The Nepal government decided to allow cross-border tourist movement and trade through a cabinet decision on September 23. Two days later, a new travel protocol was announced which removed the requirement of seven-day quarantine and resumed visa-on-arrival for vaccinated foreign travellers. It also removed the provision for all incoming travellers to undergo mandatory tests at immigration entry points of Nepal.
Under the protocol, foreign visitors to Nepal should have received their second dose of the COVID-19 vaccine at last two weeks before travel.
Foreign visitors who are not vaccinated or have taken only one dose must take entry permits from Nepal’s diplomatic missions around the world. They will not be eligible for on-arrival visas and would also need to spend 10 days in quarantine in government listed hotels.

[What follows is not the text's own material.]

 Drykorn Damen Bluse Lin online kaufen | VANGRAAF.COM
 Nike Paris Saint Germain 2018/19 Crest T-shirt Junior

According to the Kathmandu Post, Indian nationals arriving in Nepal through land border points need to submit a COVID-19 negative report (RT-PCR, Gene Expert, True NAAT or WHO accredited test) obtained within 72 hours of departure from the first port of embarkation or within 72 hours if entering Nepal by land.
They are also required to produce a printed copy of the international traveller online arrival form, obtained after online registration at www.ccmc.gov.np.
Nepal’s tourist industry, which accounts for 8% of its gross domestic product, had been devastated by the travel restrictions and other precautionary measures adopted due to the pandemic.
India is the largest source of tourists for Nepal, with 209,611 Indian tourists, about 17% of all foreign travellers, arriving in 2019.
Nepal received around 33,680 Indian tourists by air in the first eight months of 2021. The figures had been hit after the second wave began in April. While 13,202 Indian nationals travelled to Nepal in January, this number was just 359 in June.
“Indian tourists are a big contributor to Nepal’s tourism,” Hari Panta, president of the Hotel and Tourism Entrepreneurs Association in Birgunj told Kathmandu Post.
“Until we make it easier for Indian tourists to visit Nepal, the industry will not recover. After prolonged pressure, the administration has finally given permission for Indian vehicles to enter Nepal. This is a welcome move.”